Theorem 9.21.7 (Fundamental theorem of Galois theory). Let $L/K$ be a finite Galois extension with Galois group $G$. Then we have $K = L^ G$ and the map

\[ \{ \text{subgroups of }G\} \longrightarrow \{ \text{subextensions }L/M/K\} ,\quad H \longmapsto L^ H \]

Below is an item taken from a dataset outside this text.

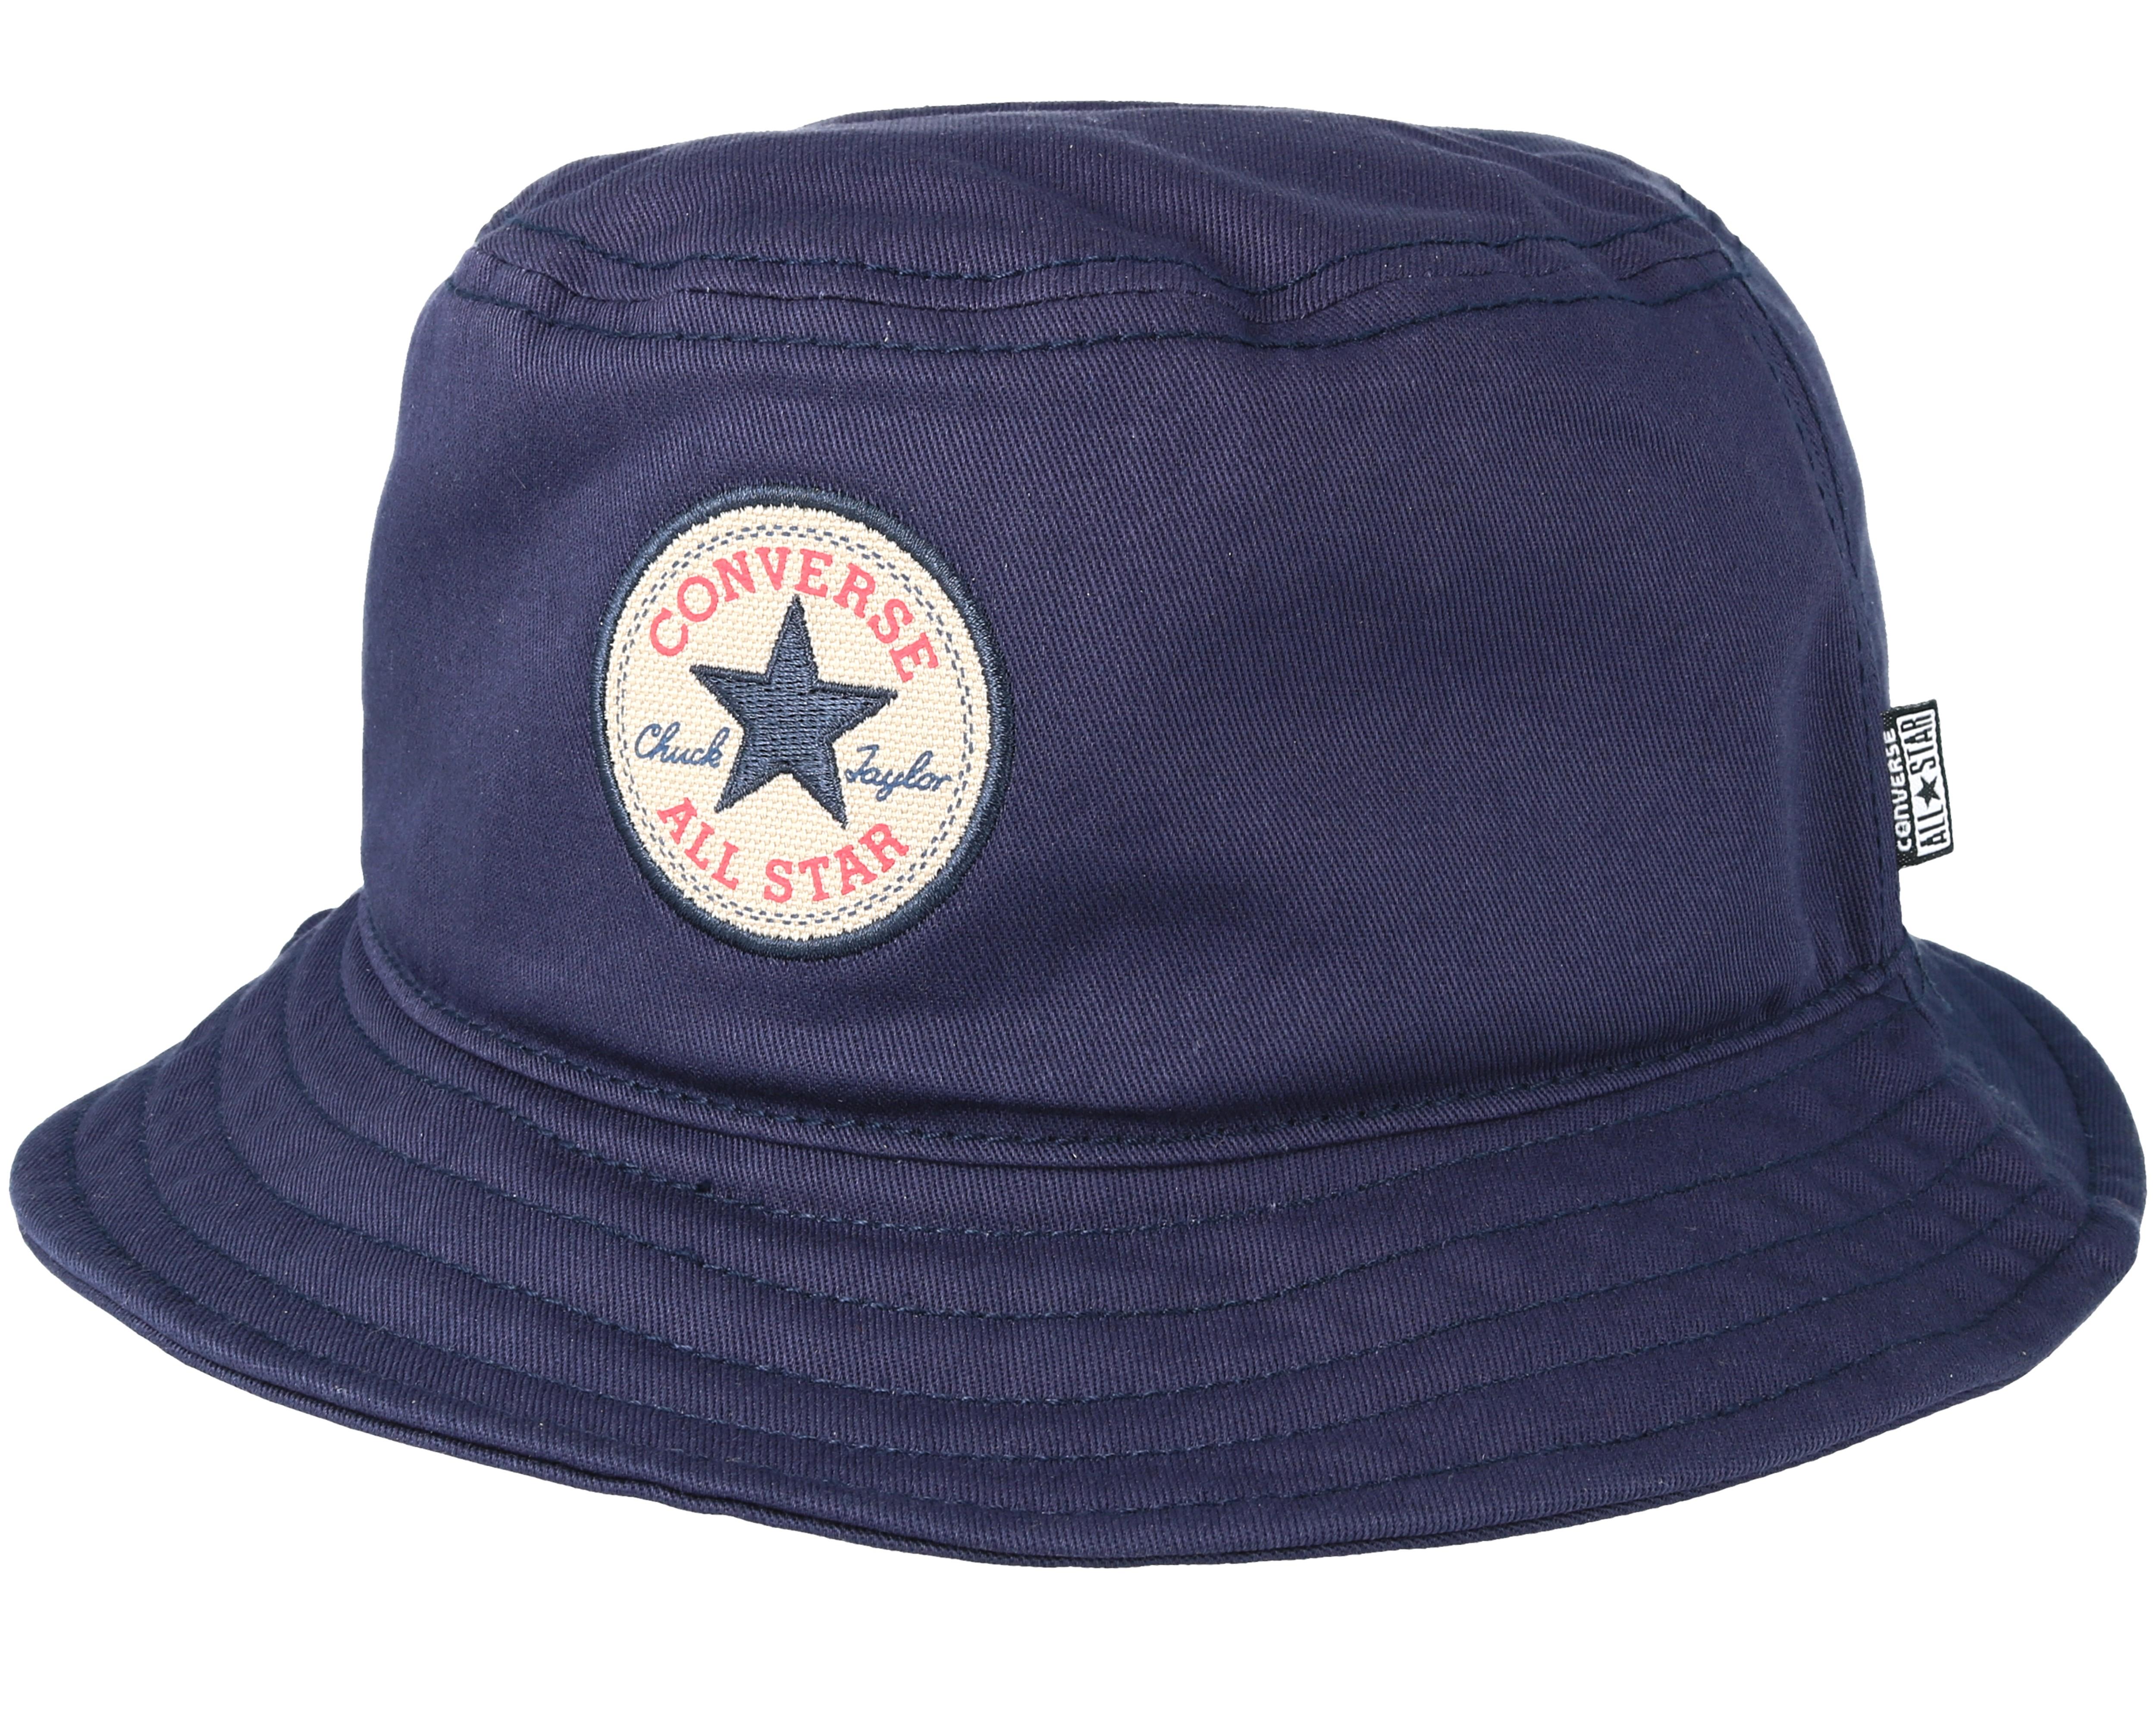 Navy Bucket - Converse hats  5391a0feec0

is a bijection whose inverse maps $M$ to $\text{Gal}(L/M)$. The normal subgroups $H$ of $G$ correspond exactly to those subextensions $M$ with $M/K$ Galois.

**Proof.**
By Lemma 9.21.4 given a subextension $L/M/K$ the extension $L/M$ is Galois. Of course $L/M$ is also finite (Lemma 9.7.3). Thus $|\text{Gal}(L/M)| = [L : M]$ by Lemma 9.21.2. Conversely, if $H \subset G$ is a finite subgroup, then $[L : L^ H] = |H|$ by Lemma 9.21.6. It follows formally from these two observations that we obtain a bijective correspondence as in the theorem.

If $H \subset G$ is normal, then $L^ H$ is fixed by the action of $G$ and we obtain a canonical map $G/H \to \text{Aut}(L^ H/K)$. This map has to be injective as $\text{Gal}(L/L^ H) = H$. Hence $|G/H| = [L^ H : K]$ and $L^ H$ is Galois by Lemma 9.21.2.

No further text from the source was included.